**Exercise prompt**
With the images removed, write out every line below exactly.

**Given information**
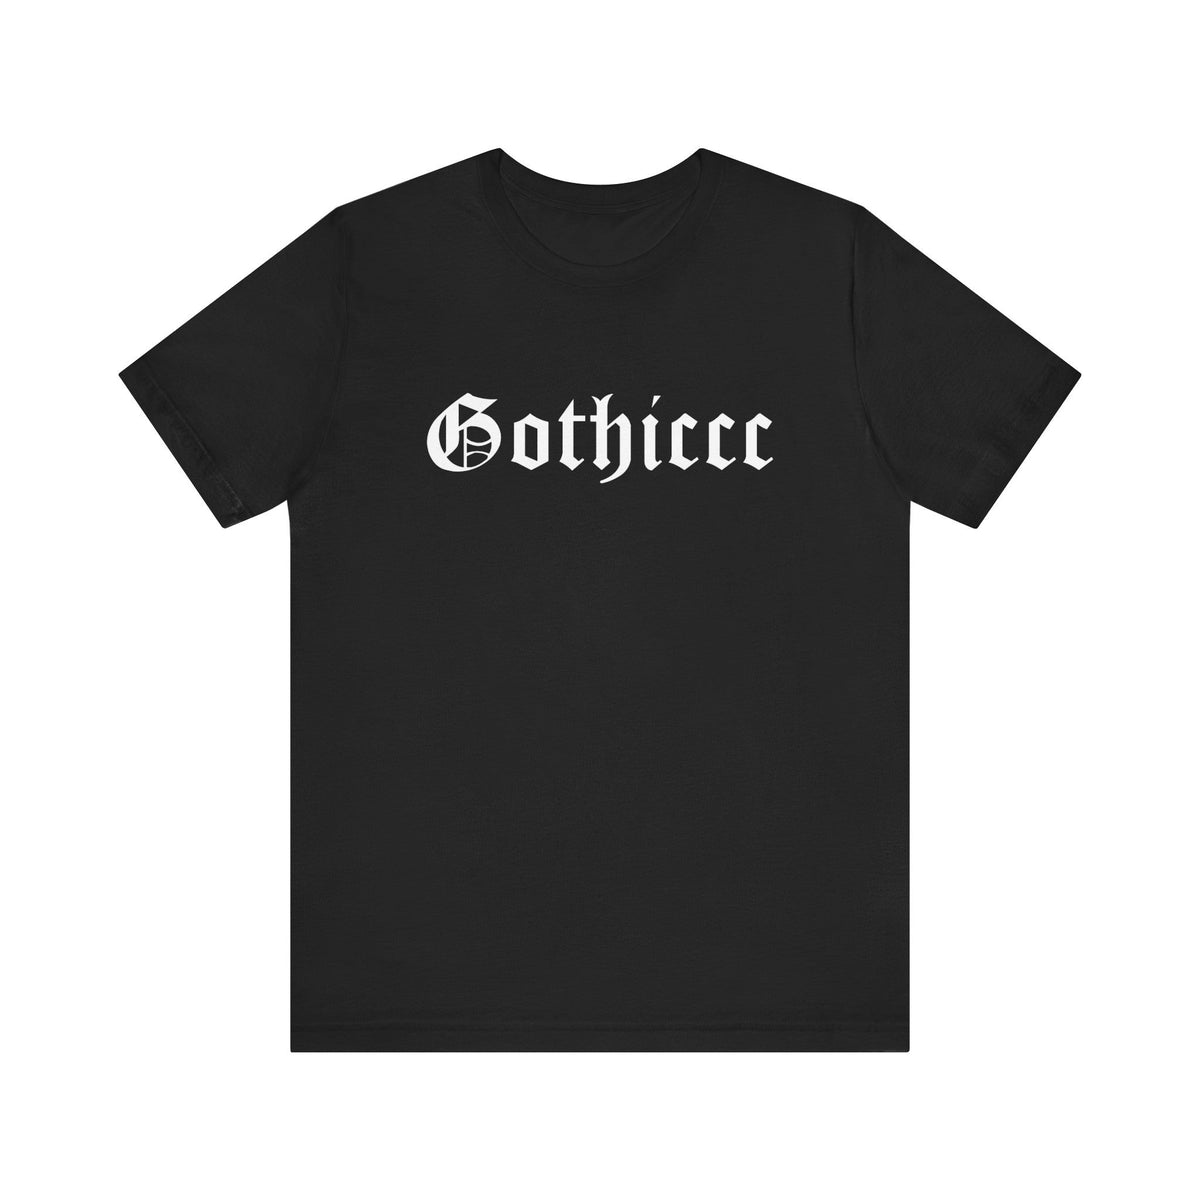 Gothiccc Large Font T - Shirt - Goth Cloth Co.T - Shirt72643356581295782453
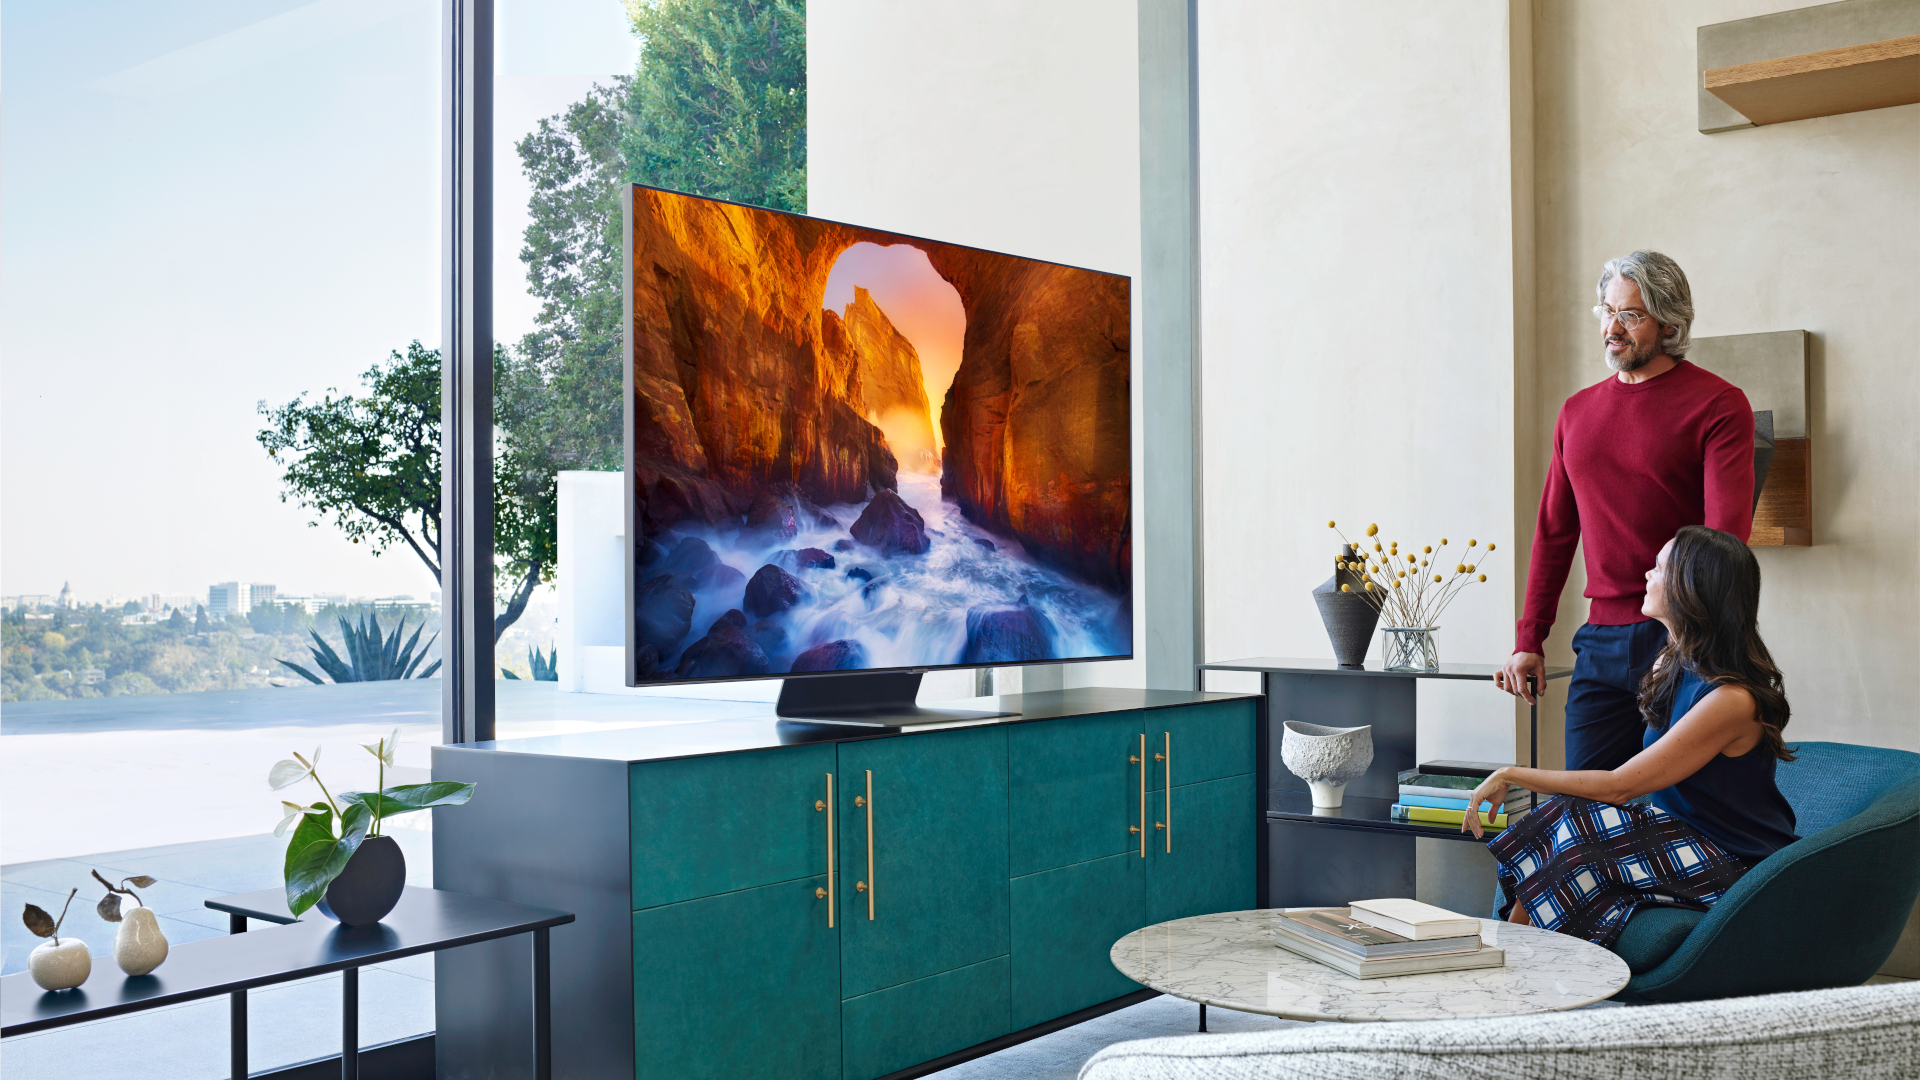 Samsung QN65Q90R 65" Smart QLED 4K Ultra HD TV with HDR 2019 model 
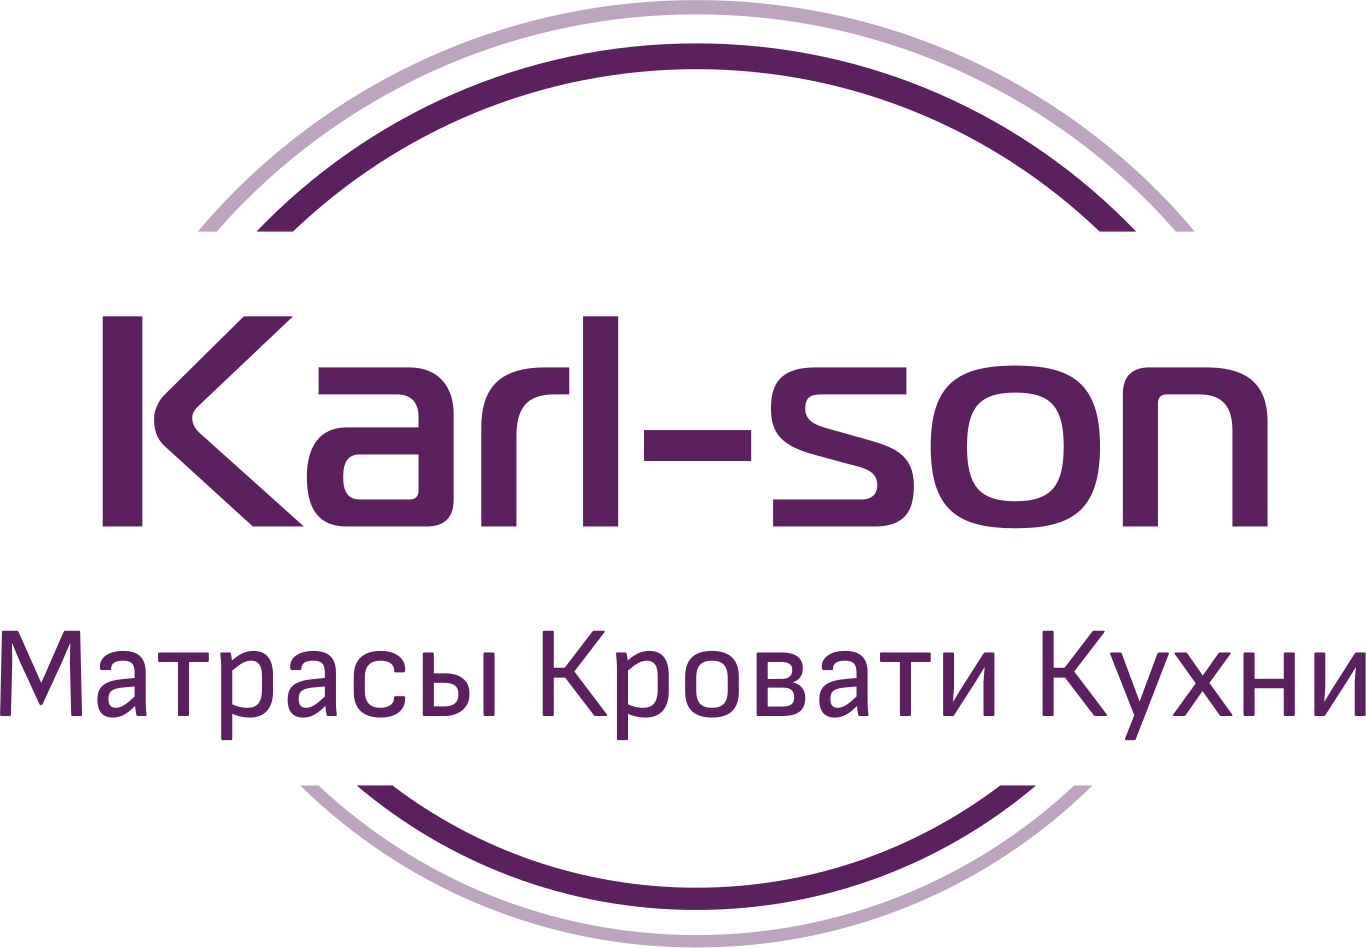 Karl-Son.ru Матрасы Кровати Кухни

**The answer**
 Gothiccc Large Font T - Shirt - Goth Cloth Co.T - Shirt72643356581295782453
 Samsung QN65Q90R 65" Smart QLED 4K Ultra HD TV with HDR 2019 model 
 Karl-Son.ru Матрасы Кровати Кухни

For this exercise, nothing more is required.